Er mahlte mit den Zähnen, bevor er ernst wurde. „Ihr müsst flinker sein. Lasst Eure Bewegungen flüssiger werden und vertraut Eurem Körper, dass er sich instinktiv in die richtige Richtung bewegt. Denkt nicht zu viel nach und folgt einfach Eurem Gefühl. Und noch etwas - es kommt nicht darauf an jeden einzelnen Schlag zu parieren. Manchmal reicht es auch nur eine Pirouette zu drehen und so auszuweichen. Ihr werdet Eurem Gegner unterlegen sein was die Kraft anbelangt und vermutlich auch in Sachen Erfahrung. Also müsst ihr Eure eigenen Vorteile nutzen."

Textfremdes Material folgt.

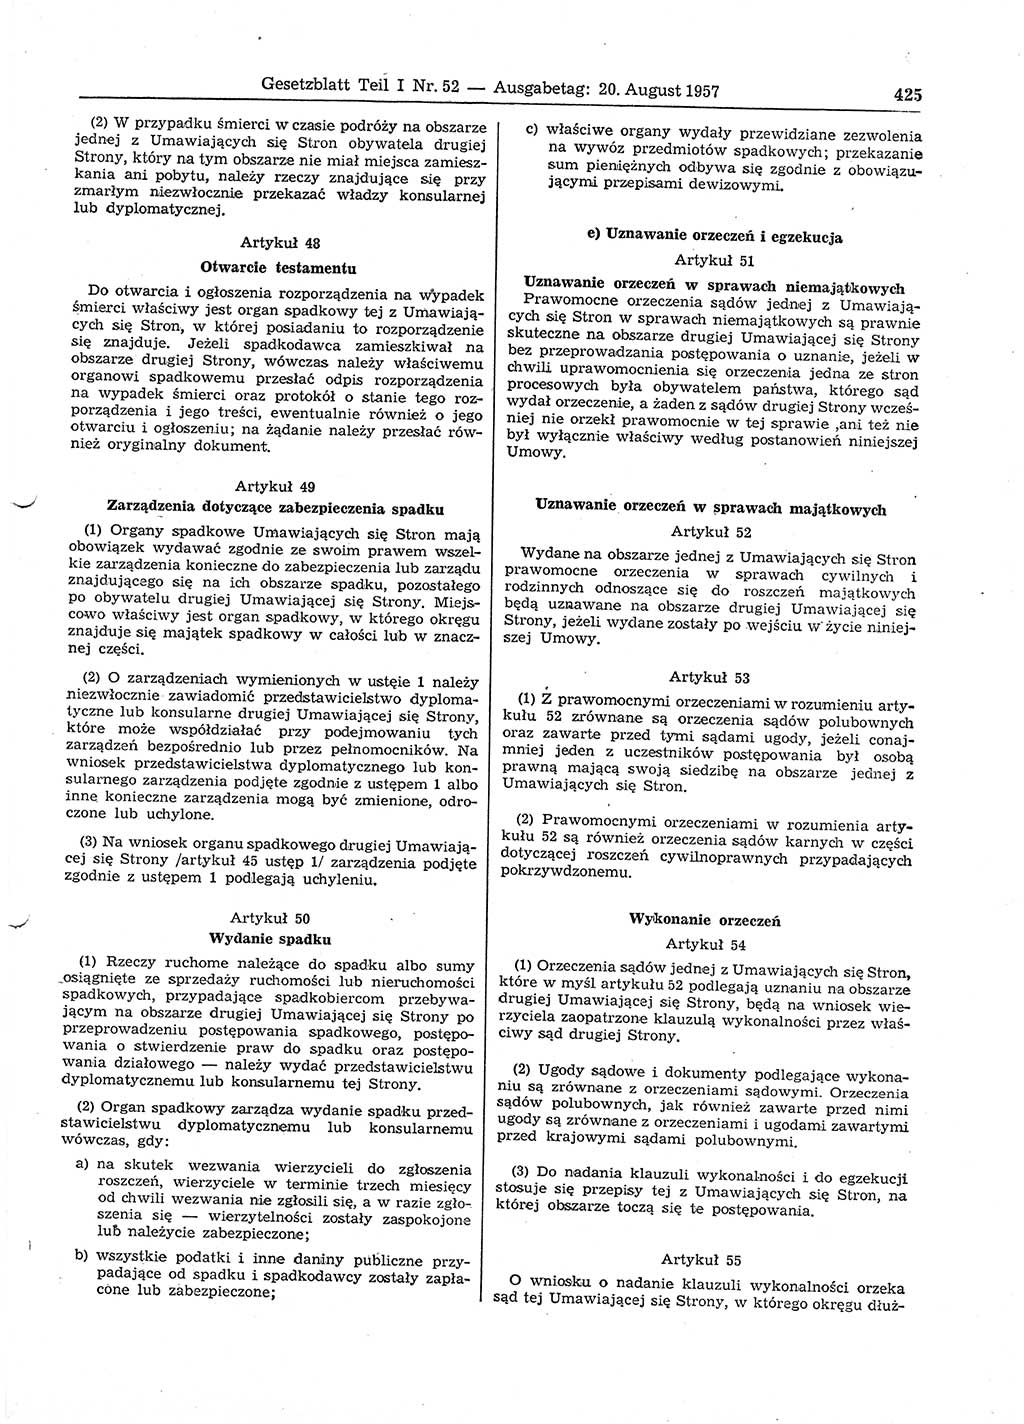 Gesetzblatt (GBl.) der Deutschen Demokratischen Republik (DDR) Teil Ⅰ 1957, Seite 425 (GBl. DDR Ⅰ 1957, S. 425)

„Die da wären?", hakte sie nach, hob ihr Schwert erneut an und hielt es schützend wie einen Schild vor ihre Brust.
„Eure Statur macht Euch wendiger und Euer geringes Gewicht schneller. Wenn Ihr meinen Rat wirklich wollt, dann nehmt Euch folgende Worte zu Herzen. Solltet ihr jemals in einen Kampf geraten, dann sucht nicht aktiv nach einem Duell mit dem Schwert. Macht Euren Gegner müde und erst wenn er erschöpft ist schlagt Ihr zu."
Hrodwyn nickte verstehend, stellte sich breitbeinig hin. „Dann los."
Askwin ließ sich nicht zweimal darum bitten. Zuerst hatte die Prinzessin noch mehr Ähnlichkeit mit einem schwerfälligen alten Gaul, wenn sie ihm auswich. Doch mit jedem weiteren Angriff erfolgten ihre Bewegungen graziler und gekonnter.
Eine gute halbe Stunde verstrich, in der er ihr sagte und zeigte, was sie noch verbessern konnte.
Am Ende schien sie völlig ausgelaugt und er konnte sich wegen des Schmerzes seiner Verletzung kaum noch aufrechthalten.
Schweiß floss beiden die Stirn hinab. Hrodwyn sah so verschwitzt gar nicht mehr wie die Tochter eines Königs aus. Doch sie wirkte glücklich und stolz. Ein Lächeln umspielte ihre Lippen, als Askwin das Training für beendet erklärte.